ABOUT THIS TASK. Omit the pictures and return exactly the stretch of the material below from the line with "Casa à venda, 573" through the line with "Jaguar Modern Car".

INFORMATION.
--------------------------------------------------

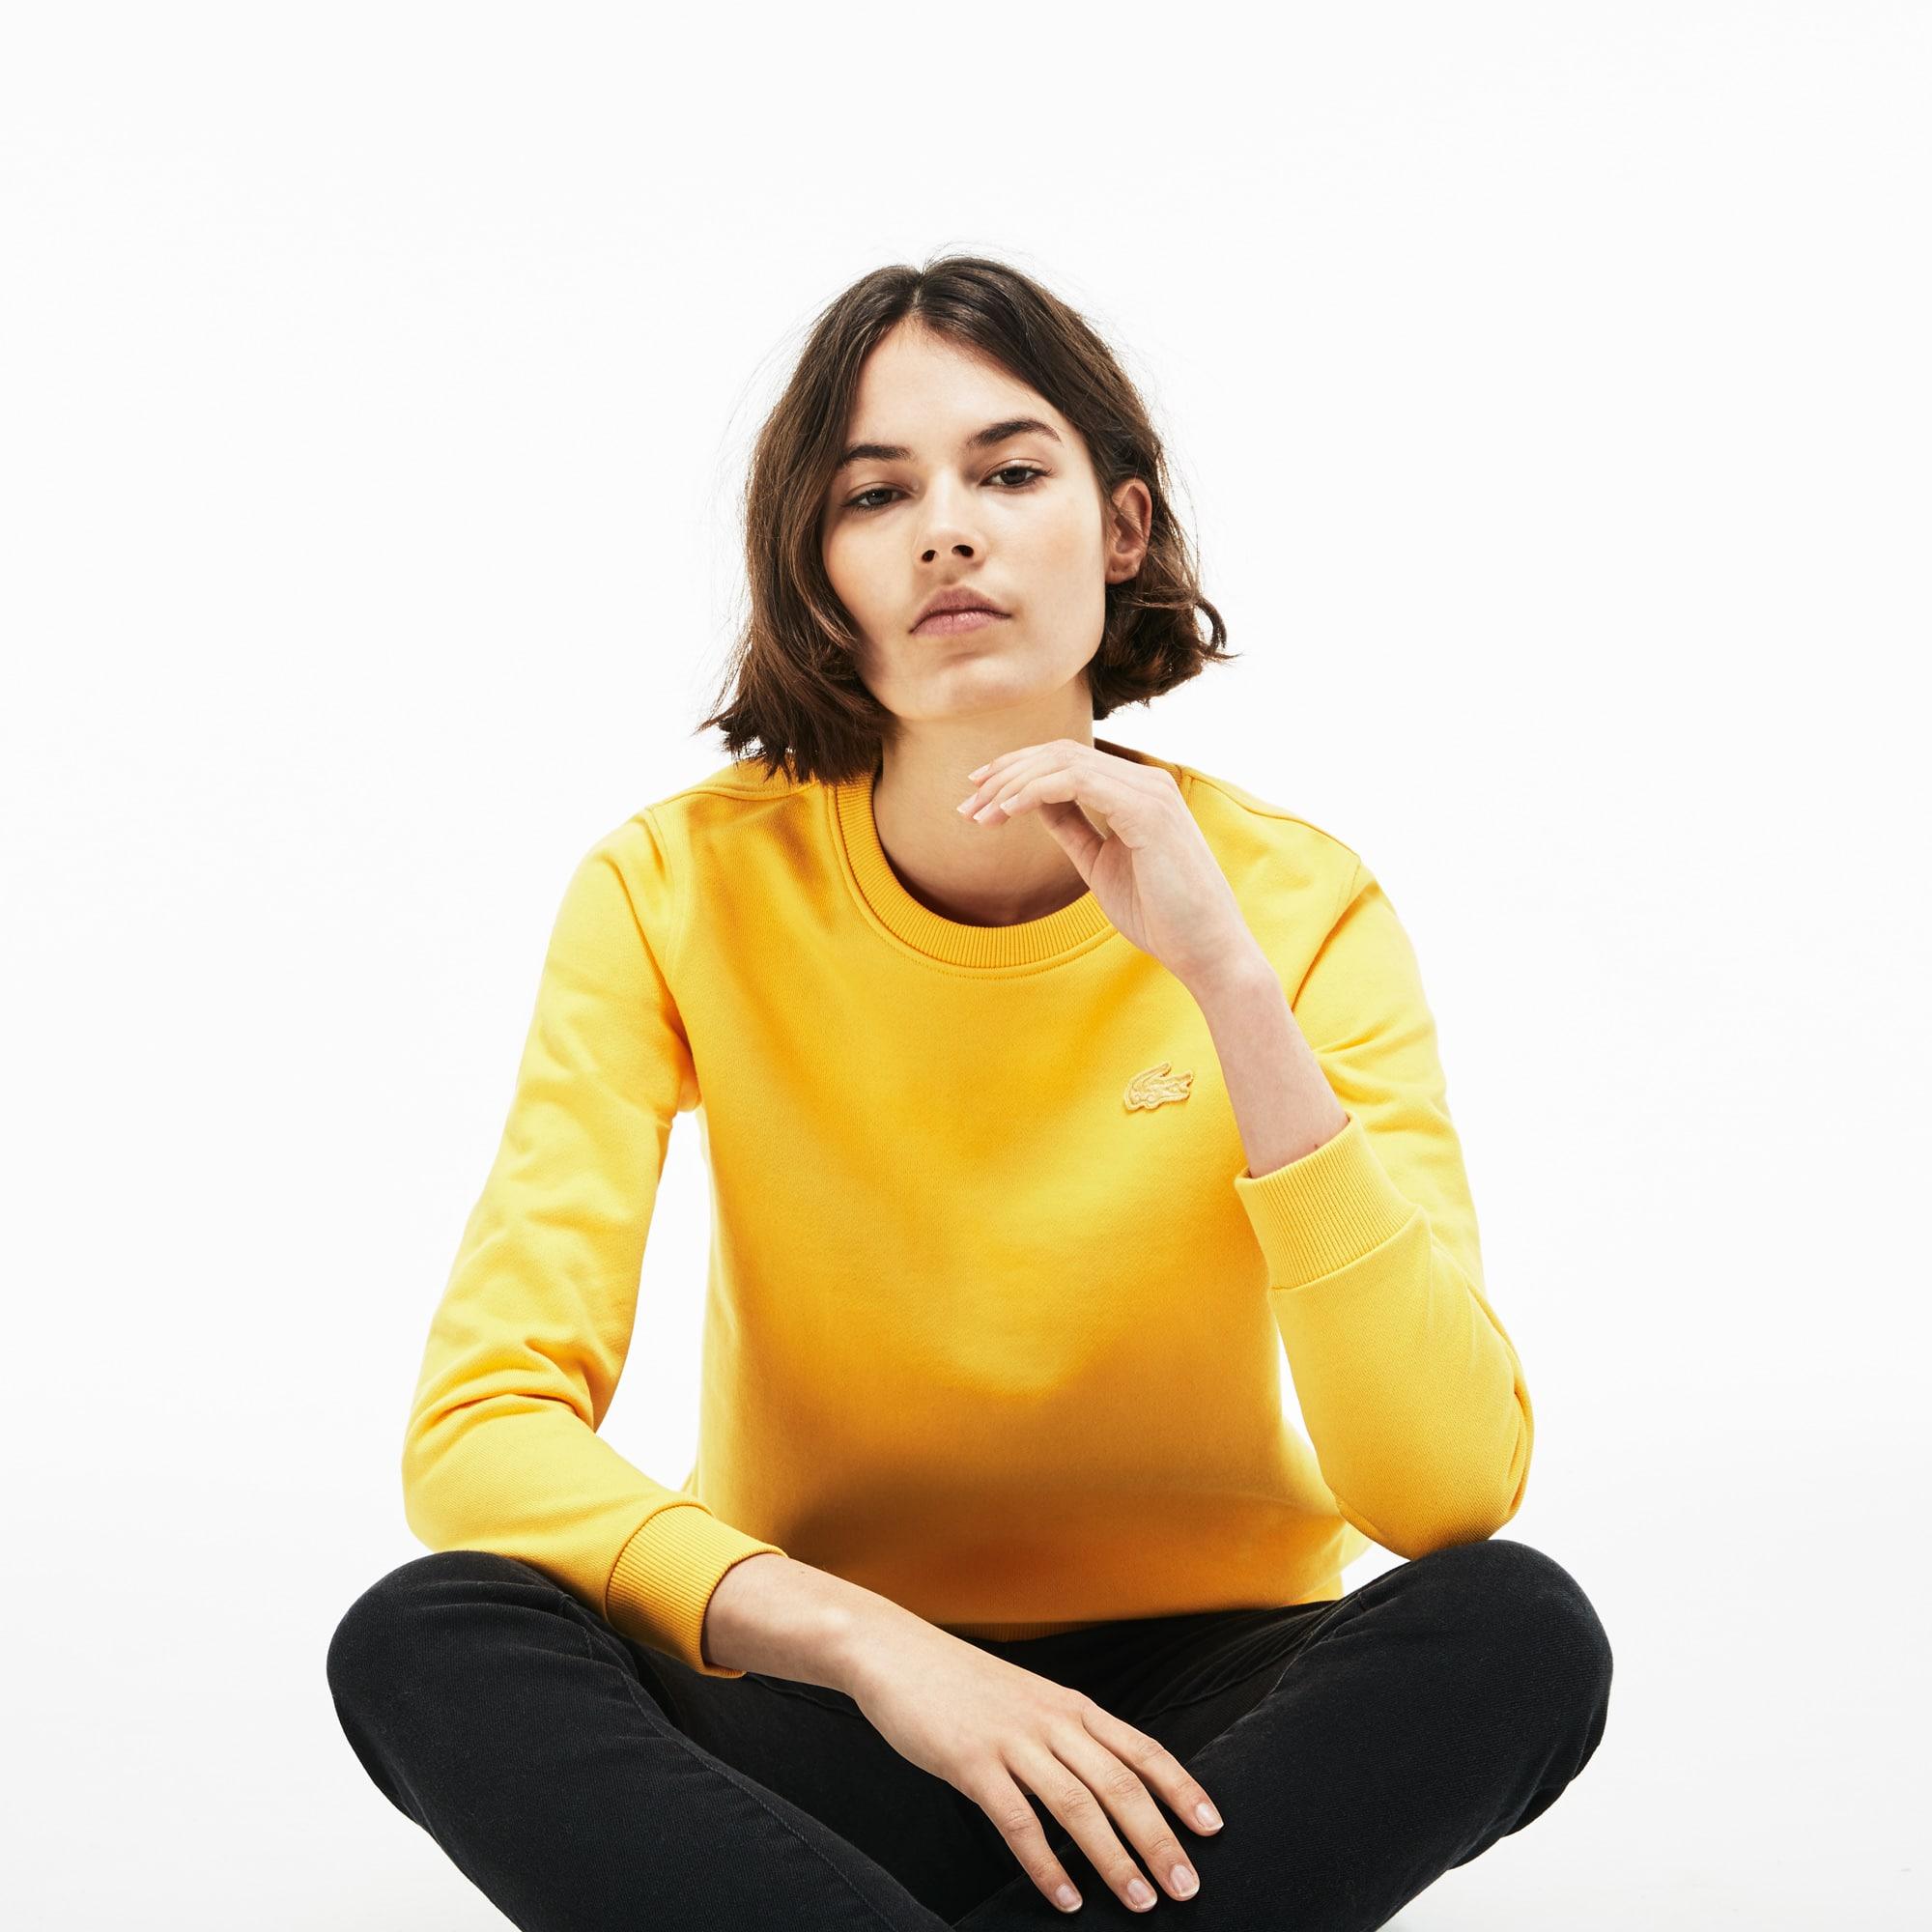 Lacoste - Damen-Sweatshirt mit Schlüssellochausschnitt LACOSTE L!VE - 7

--------------------------------------------------

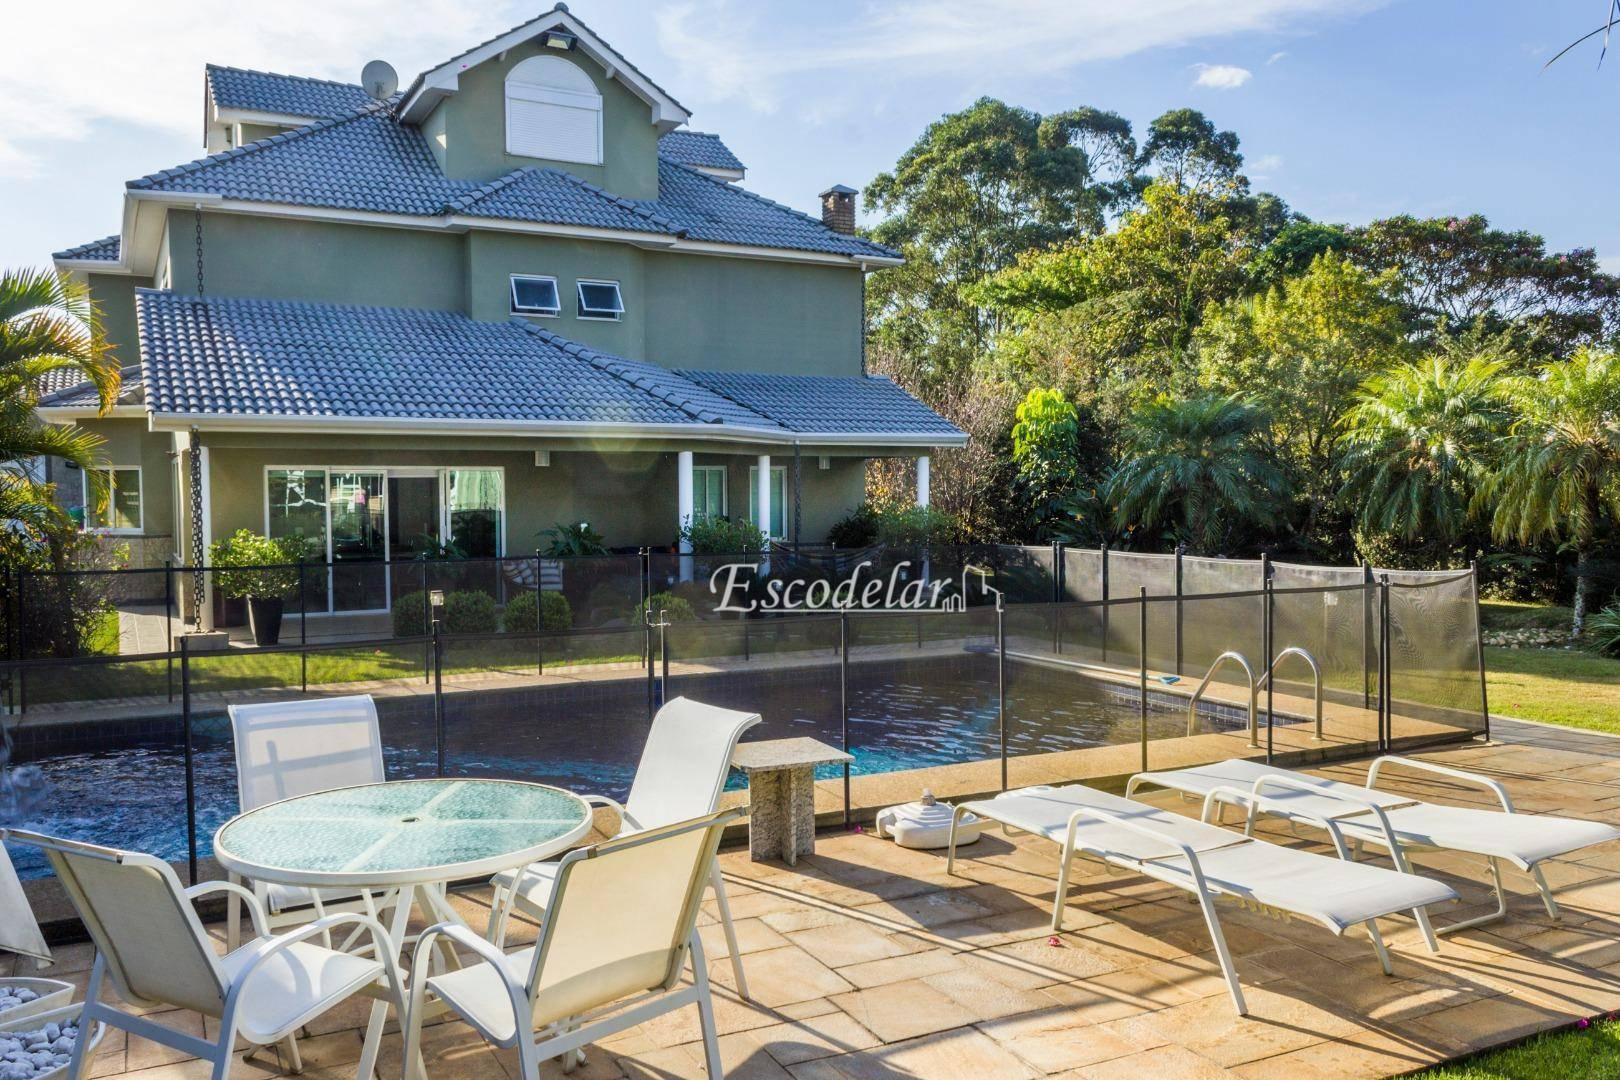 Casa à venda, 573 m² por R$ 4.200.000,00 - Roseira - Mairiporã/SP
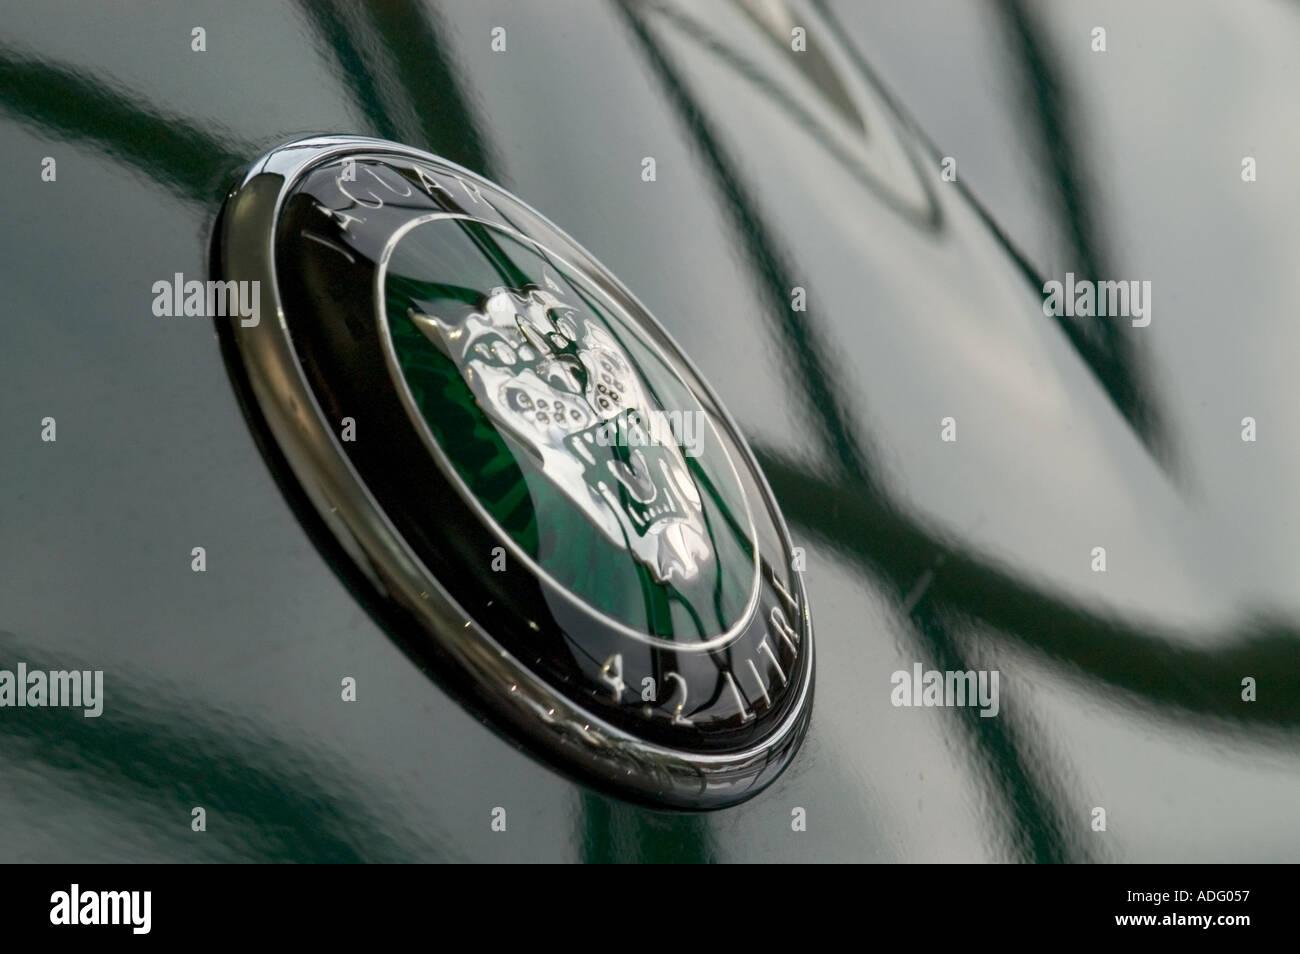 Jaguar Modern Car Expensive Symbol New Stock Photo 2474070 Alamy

--------------------------------------------------

TASK SOLUTION.
 Casa à venda, 573 m² por R$ 4.200.000,00 - Roseira - Mairiporã/SP
 Jaguar Modern Car Expensive Symbol New Stock Photo 2474070 Alamy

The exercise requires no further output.